例えば……「確信犯」とはどういう意味でしょうか? 『岩波国語辞典』を見るとこう書いてあります。「政治的・思想的または宗教的信念に発して、それが(罪になるにせよ)正しい事だと確信して行う犯罪」。でも、現在私たちが普通に使っている「確信犯」の意味は、「悪いとわかっていて、それでもやる」っていうことですね。

「岩波」(『岩波国語辞典』)はそれについてどう書いてあるかというと、「1990年ごろから、悪いとは知りつつ(気軽く)ついしてしまう行為の意に使うのは、全くの誤用」って書いてあります。(会場笑)
「全くの」ときましたね(笑)。きついですよね。単に「誤用」ならまだしもわかるんですが、「全くの」ってどこからきたのか、よくわかんないんです(笑)。

でも、これは1つの情報ではあります。「1990年頃からそういう使い方がされてるんだよ」ということがわかってありがたいんです。ただ、「全くの誤用」と本当に言えるかということです。

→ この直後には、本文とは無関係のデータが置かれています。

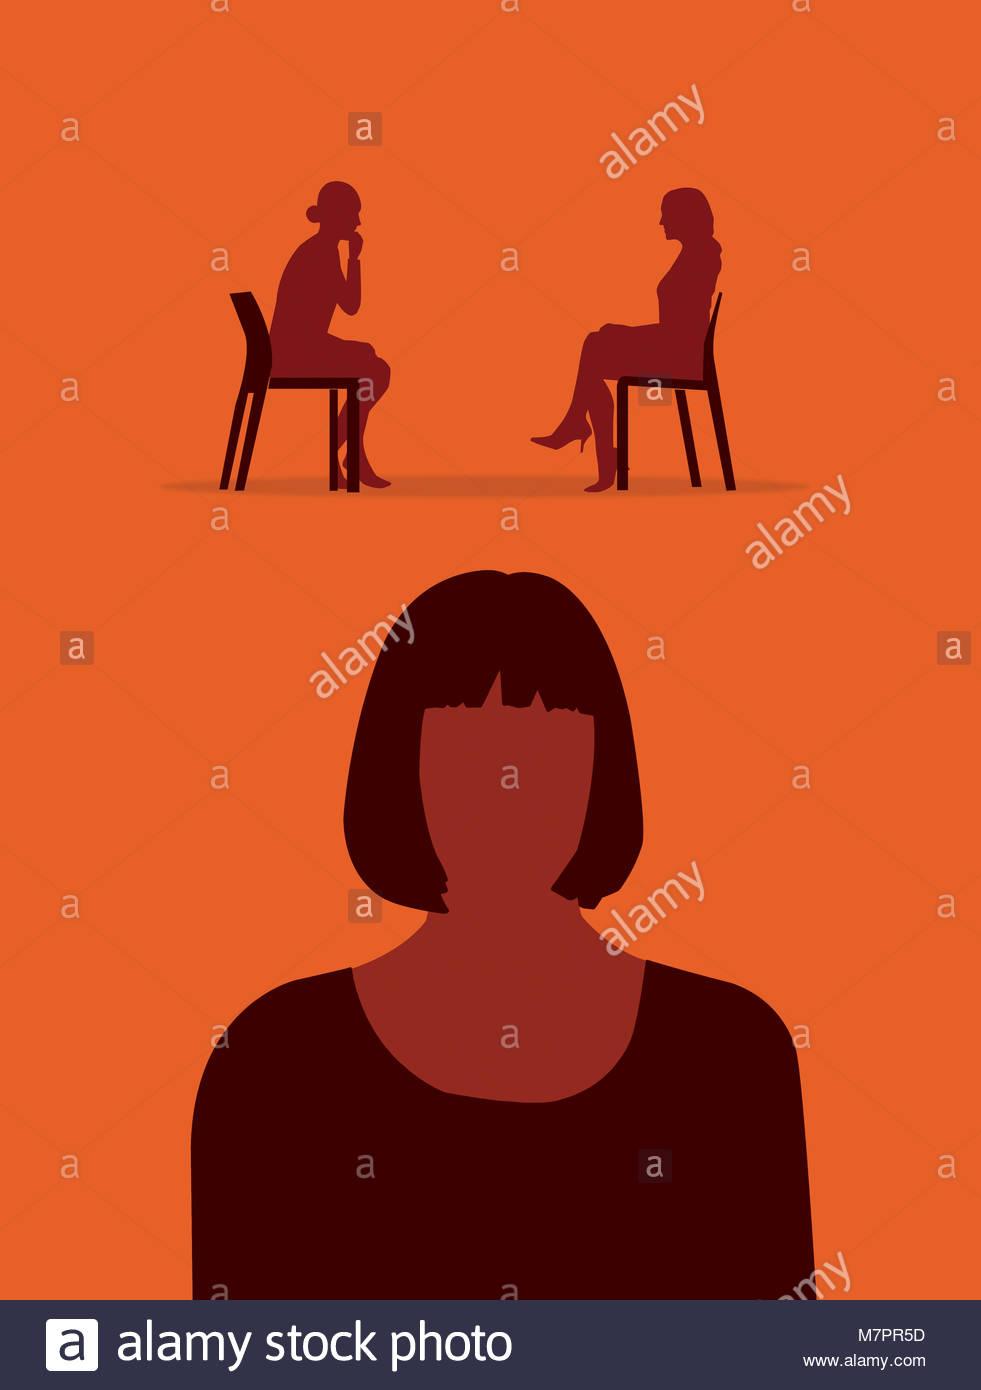 Frau über Therapie denken Stockbild

今は相当多くの人が、「悪いと知りつつ、それをやっている」という意味で使ってます。「じゃあ、多くの人が間違った日本語を使っているのかな」「みんな、間違った日本語を使ってダメだね」と考えなきゃいけないのか。私はそうは思わないんです。

辞書は「あなたのこの言葉は間違い」「そんな言葉はない」と、簡単に言葉を断罪するものであってはいけない。断罪するのは簡単ですが、別の面から見れば間違いではない、ということは非常に多いんです。